Abstract: Convective available potential energy
(CAPE), frequently regarded as an indicator of the potential intensity
of deep convection, is strongly controlled by the properties of the
planetary boundary layer (BL). Variations in CAPE observed during field
experiments in midcontinent North America, the tropical east Atlantic,
and the tropical west Pacific, can be accounted for mostly by changes in
the temperature and humidity in the BL. The coupling between CAPE and
the BL holds for both convective and nonconvective conditions. The
coupling under conditions of deep convection implies a constraint on the
intensity of deep convection which can be used as a closure for cumulus
parameterization. This constraint requires equilibrium in the
environment of the parcel used as a basis for calculating CAPE. Over
many cases, parcel-environment equilibrium is observed to hold more
robustly than equilibrium of CAPE itself. When observational
uncertainties are considered, it is uncertain whether quasi-equilibrium,
in which the rate of change of CAPE is substantially less than the rate
at which mean advection and BL fluxes change CAPE, holds at subdiurnal
timescales in the eastern Atlantic and the western Pacific.

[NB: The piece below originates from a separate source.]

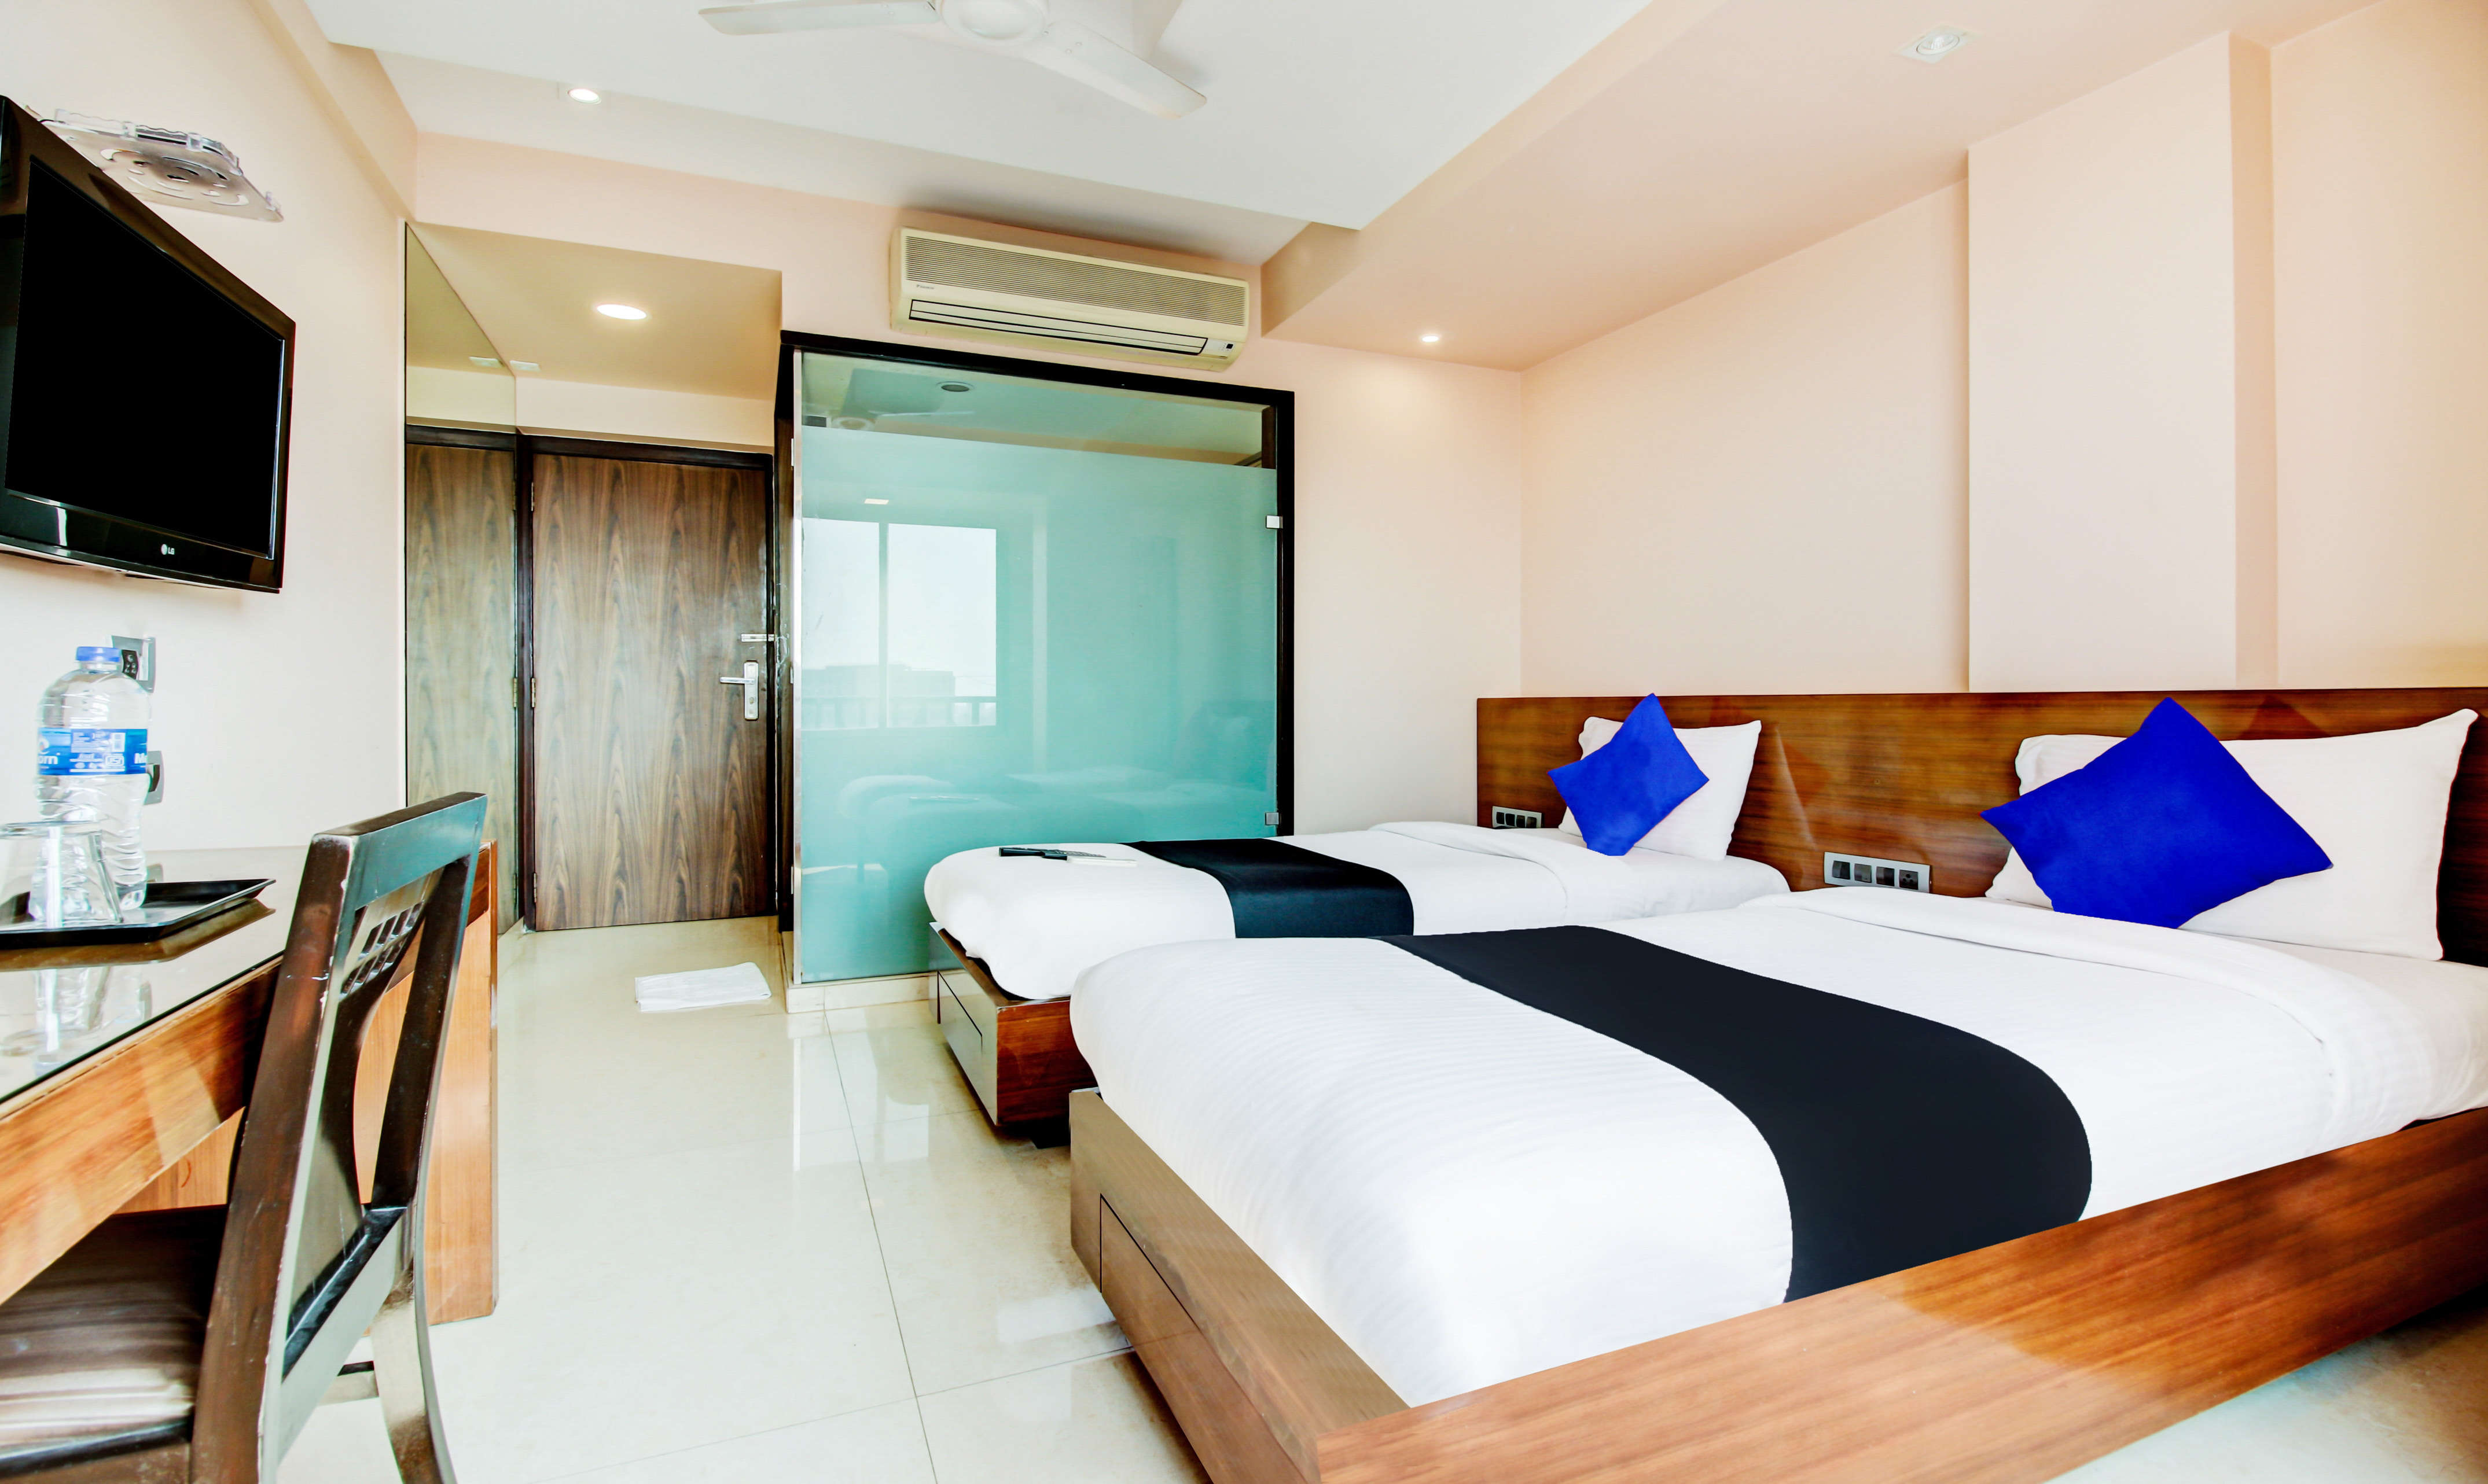 value investing course mumbai hotels

Quasi-equilibrium is a poor approximation at subdiurnal timescales in
midcontinent North America. At timescales approaching diurnal,
quasi-equilibrium holds in all cases. Cumulus parameterizations based on
quasi-equilibrium may be limited in their ability to model diurnal
cycles as a result. CAPE fluctuations related to large, subdiurnal
variations in surface fluxes are much sharper than CAPE fluctuations
related to changes in mean advection above the BL, especially over land.
The strong BL control on CAPE indicates that deep convection does not
equilibrate rapid, high-amplitude variations in CAPE originating there. |